───── Data below
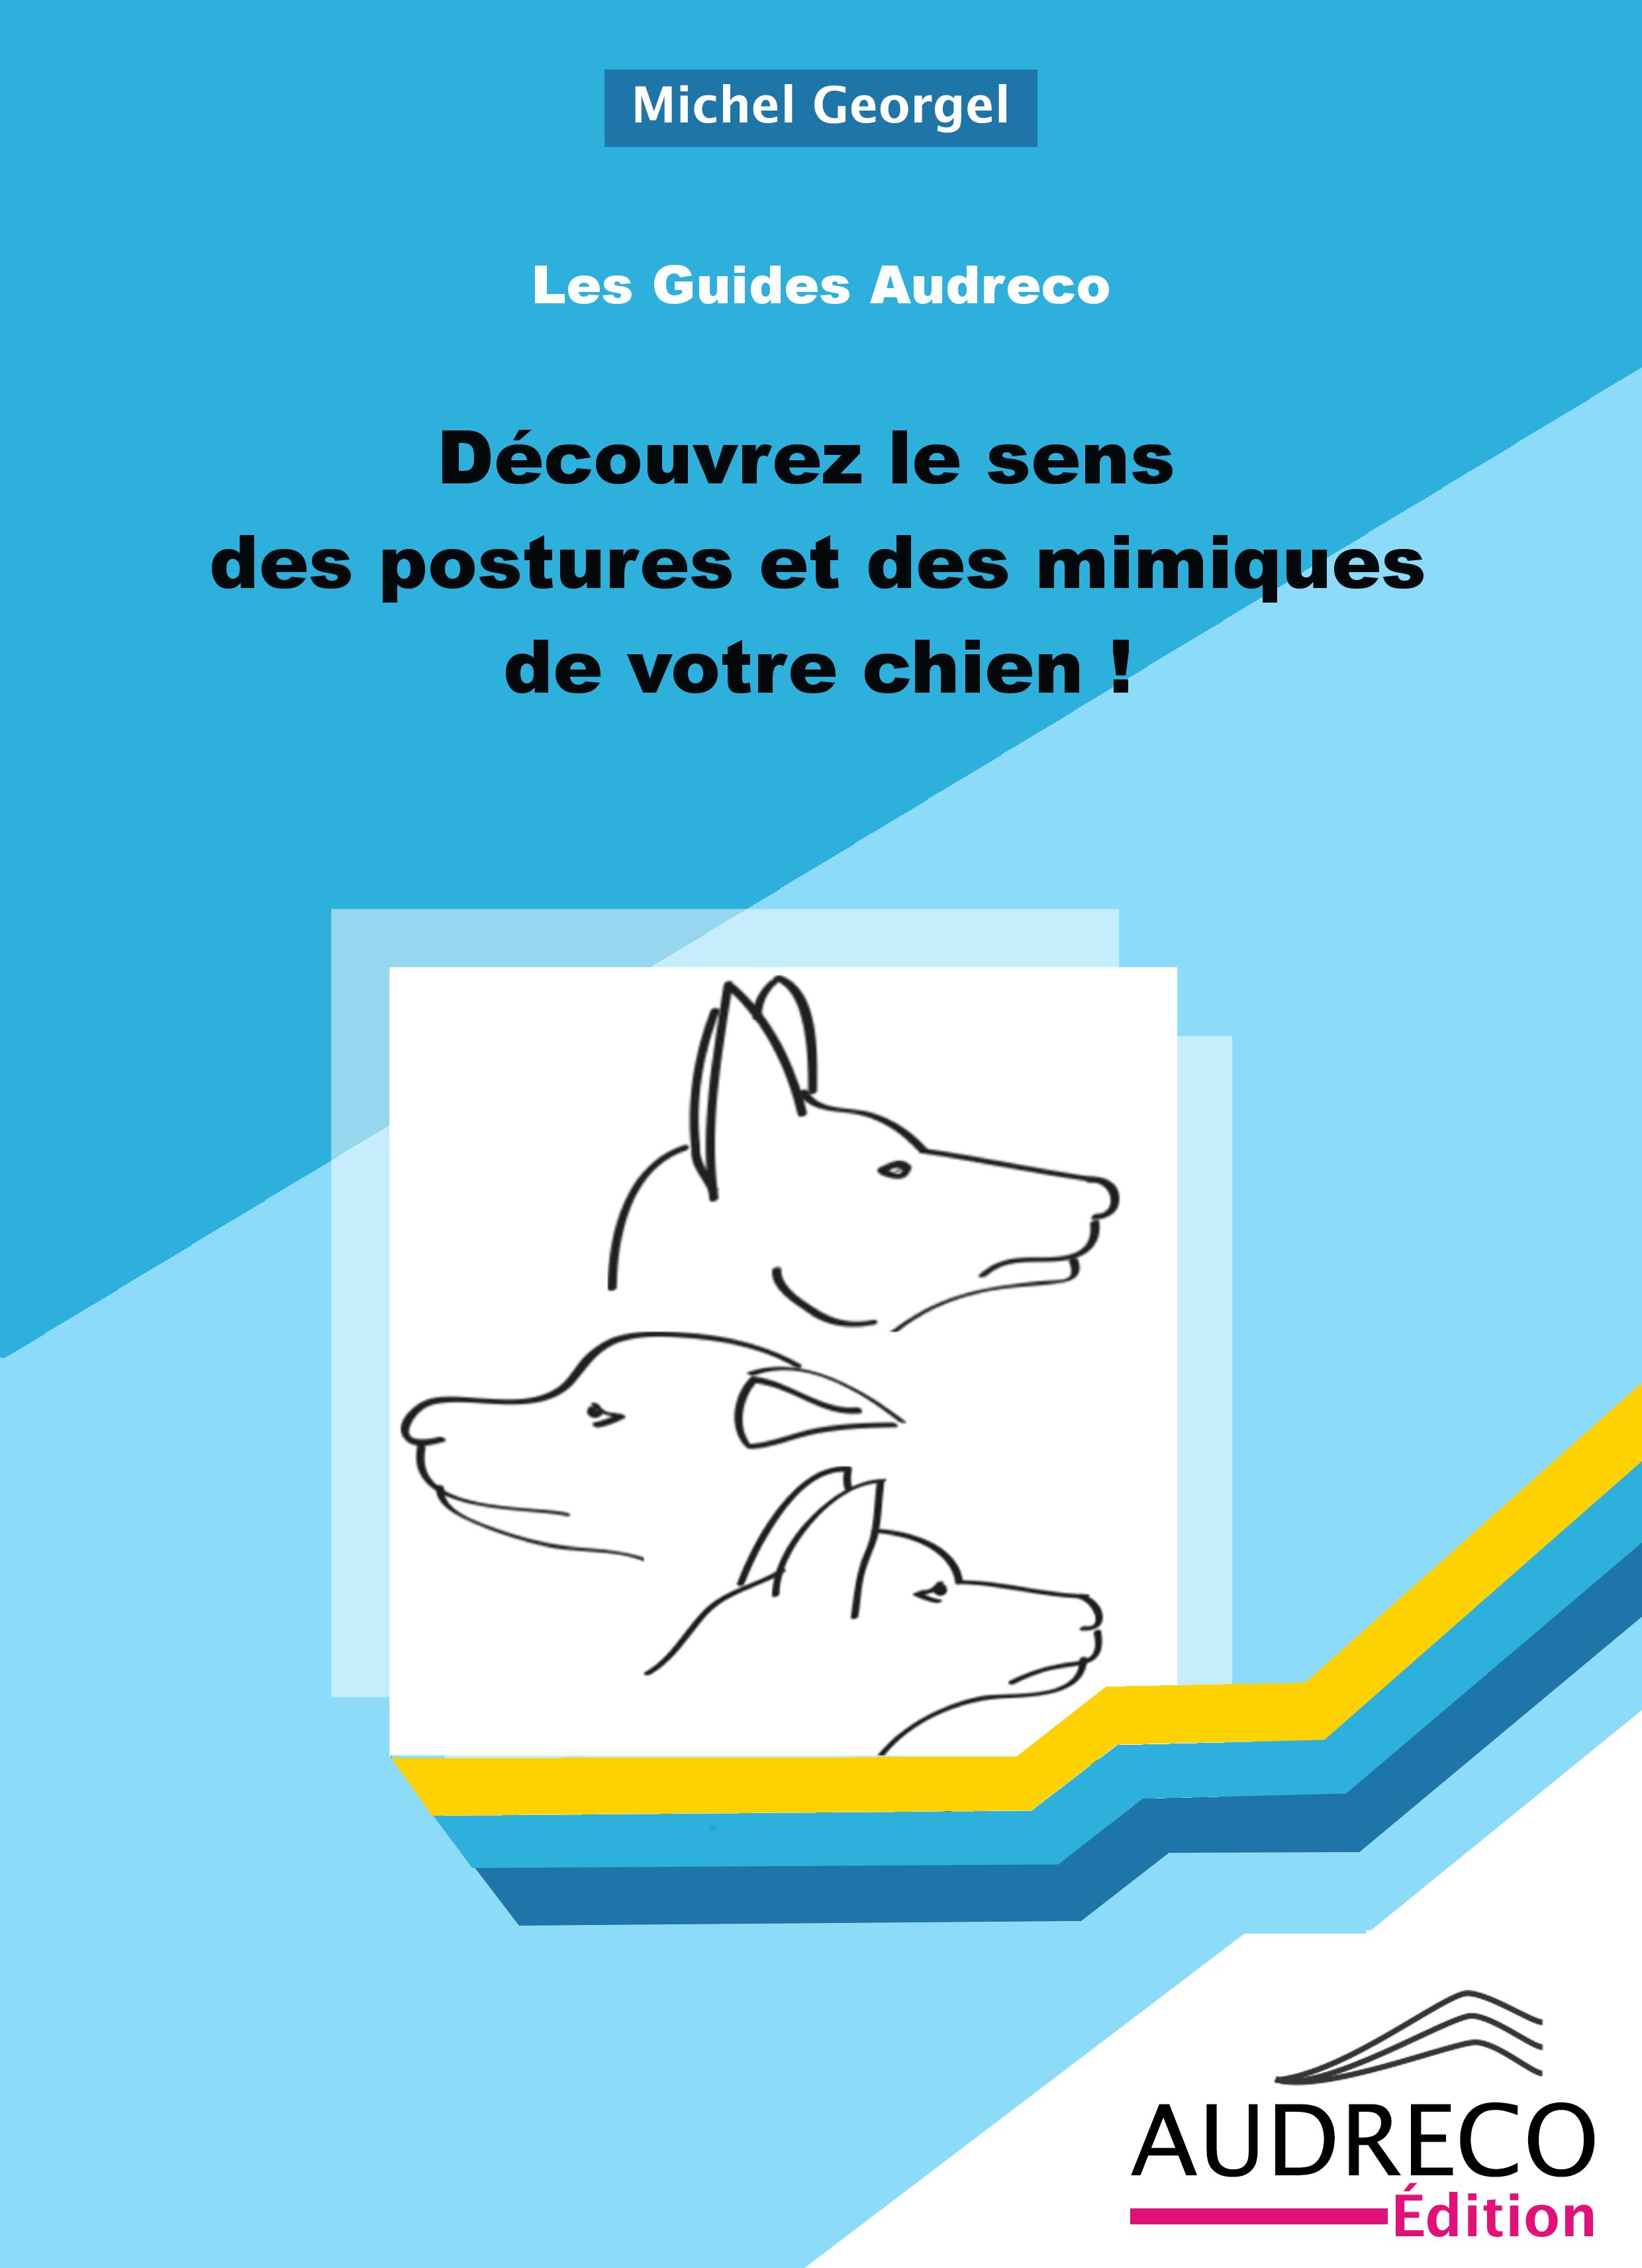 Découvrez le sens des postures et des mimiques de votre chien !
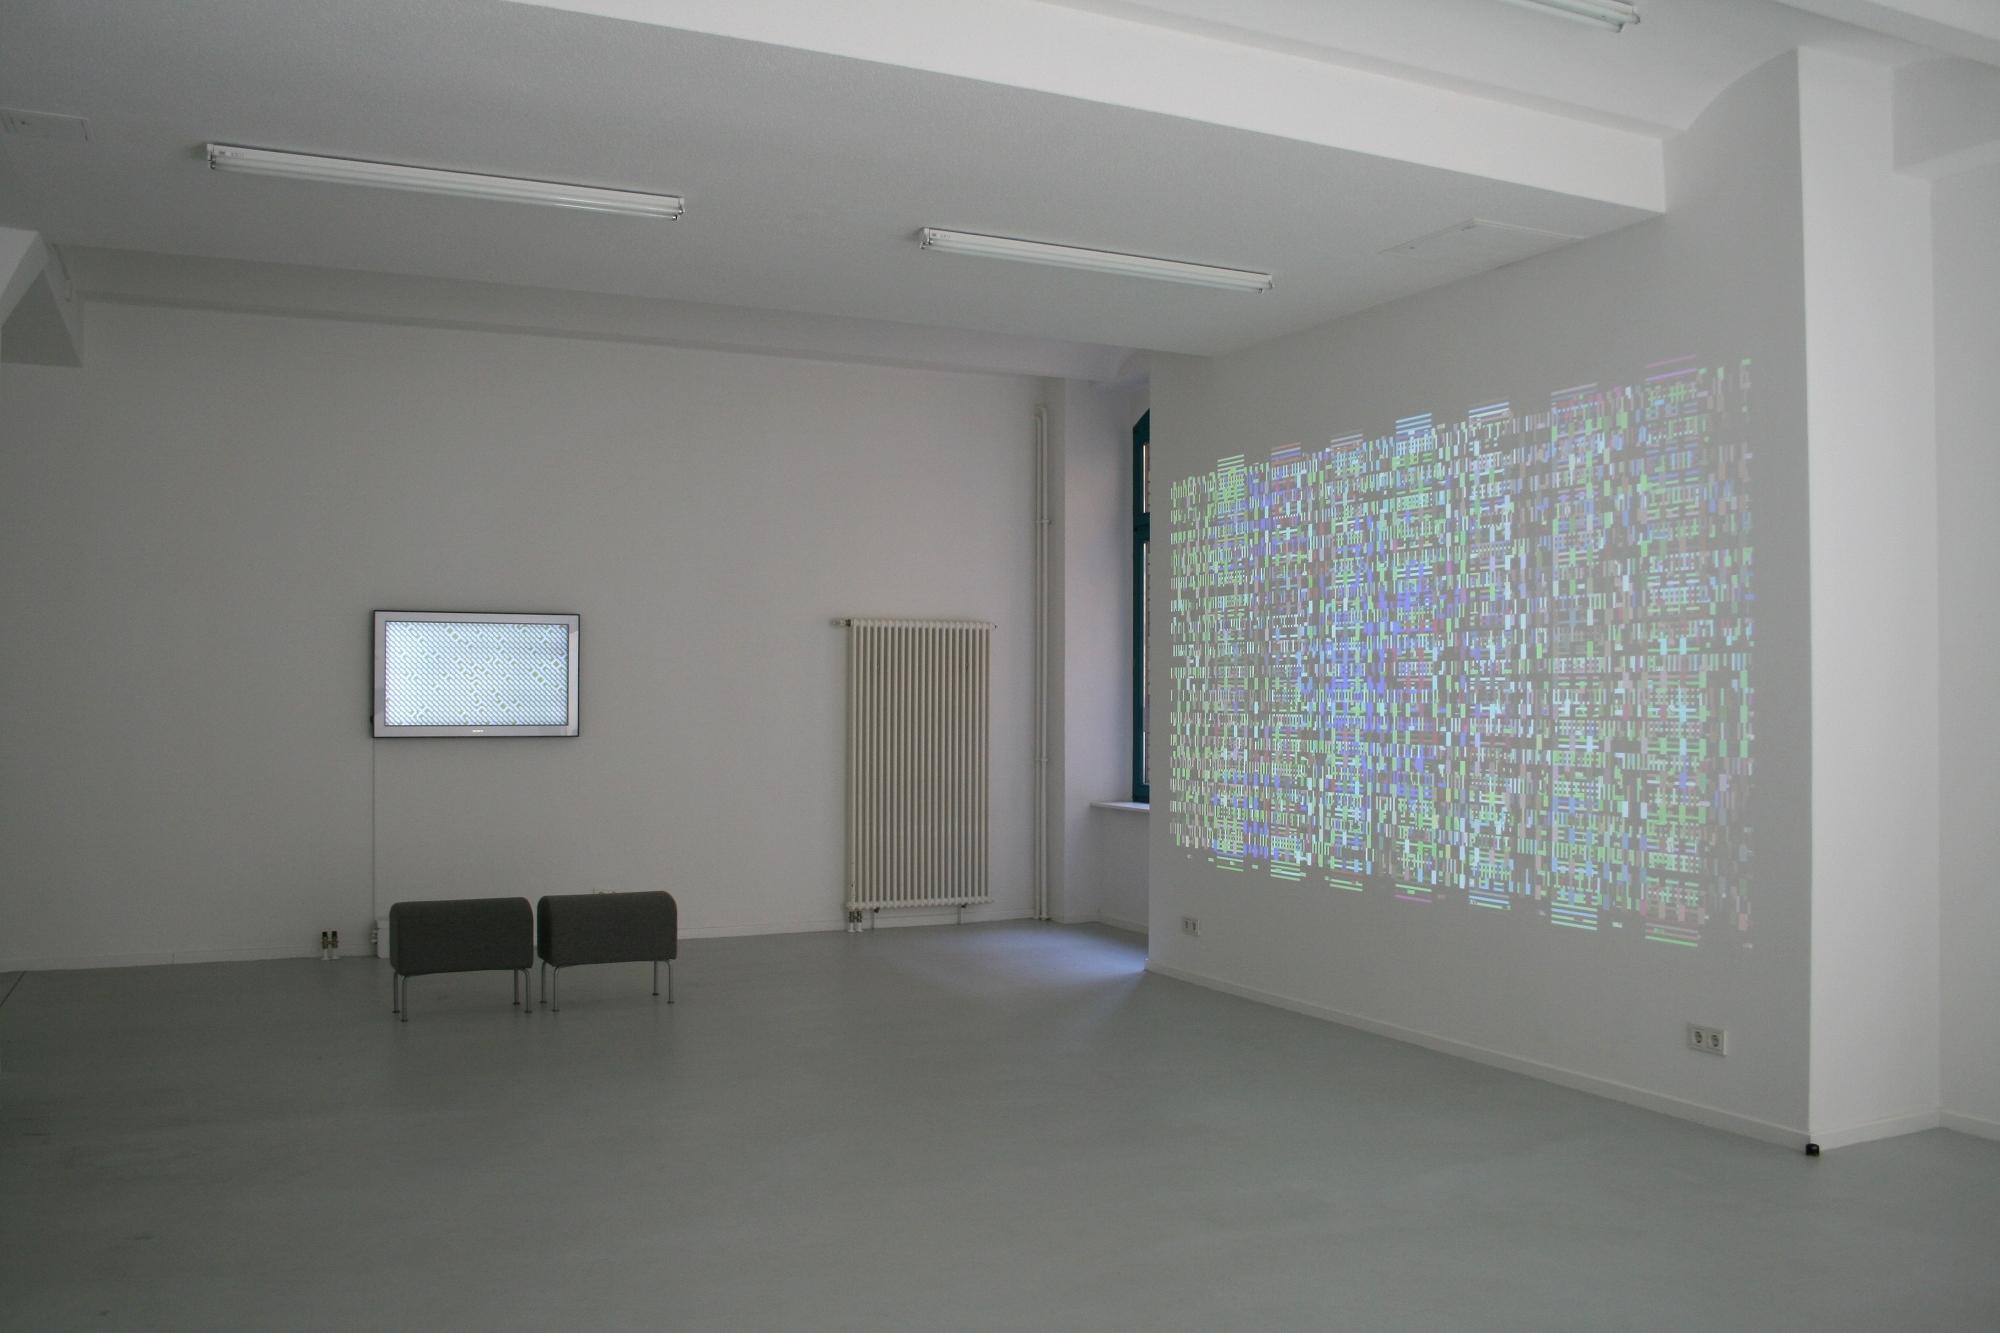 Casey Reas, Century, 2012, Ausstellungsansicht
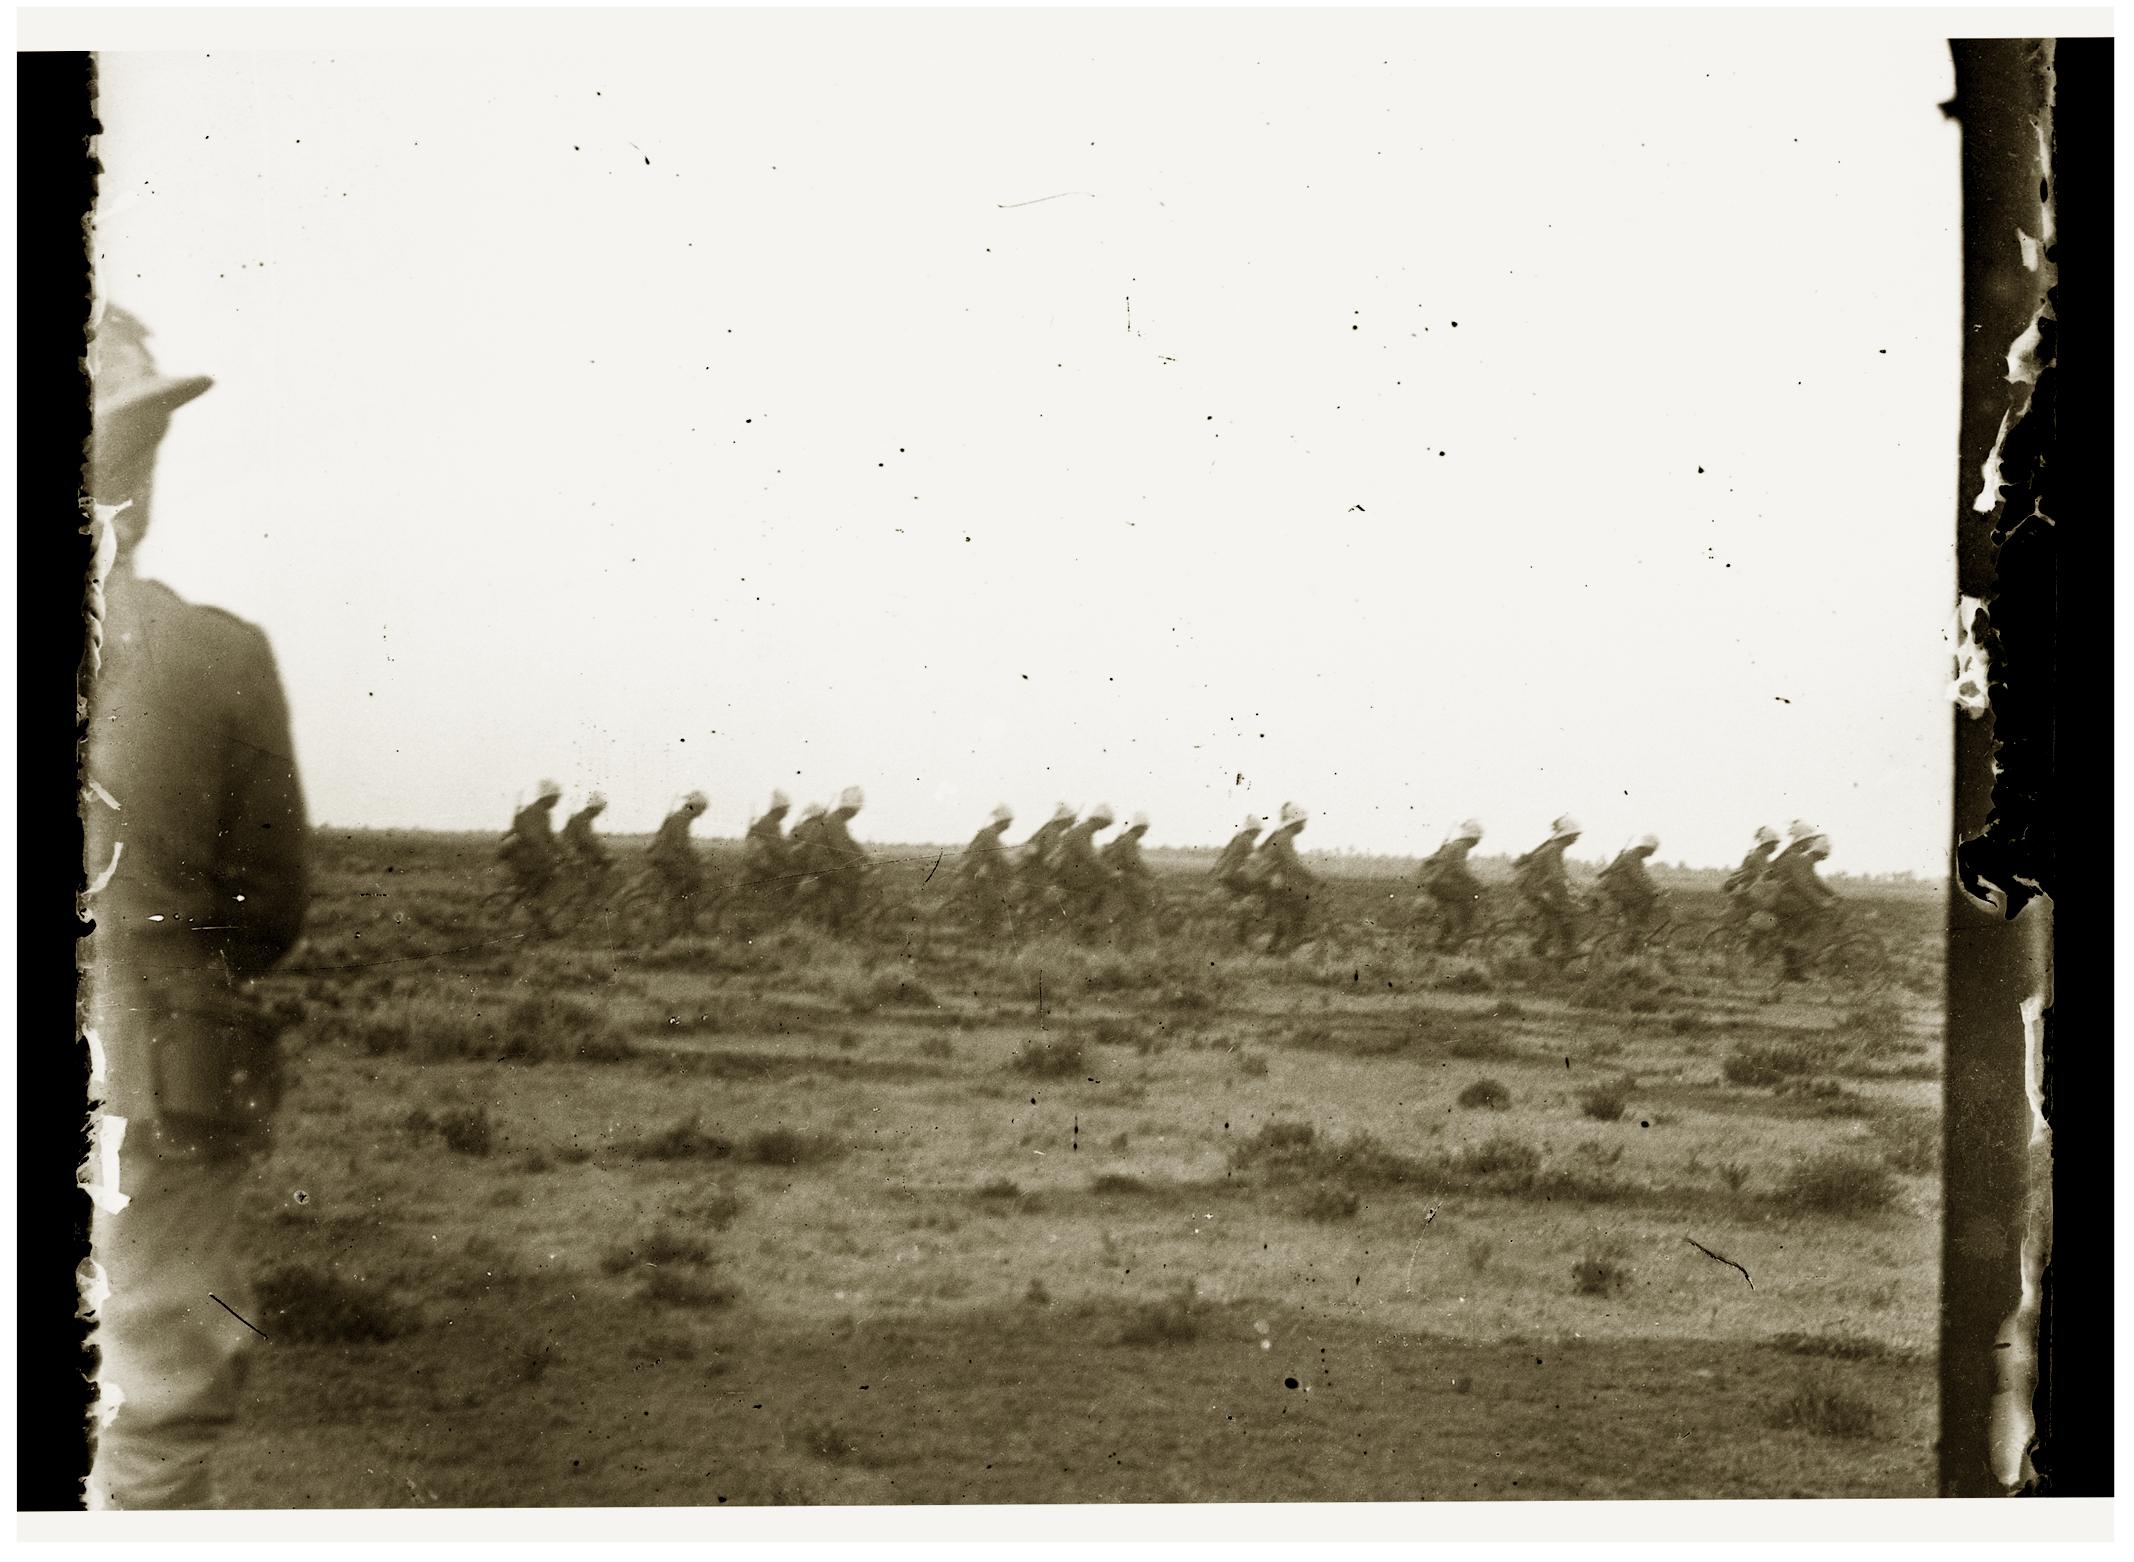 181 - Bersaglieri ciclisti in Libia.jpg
──────────
What to produce
The answer should be the complete listing, set down exactly, without pictures.

Problem solution
 Découvrez le sens des postures et des mimiques de votre chien !
 Casey Reas, Century, 2012, Ausstellungsansicht
 181 - Bersaglieri ciclisti in Libia.jpg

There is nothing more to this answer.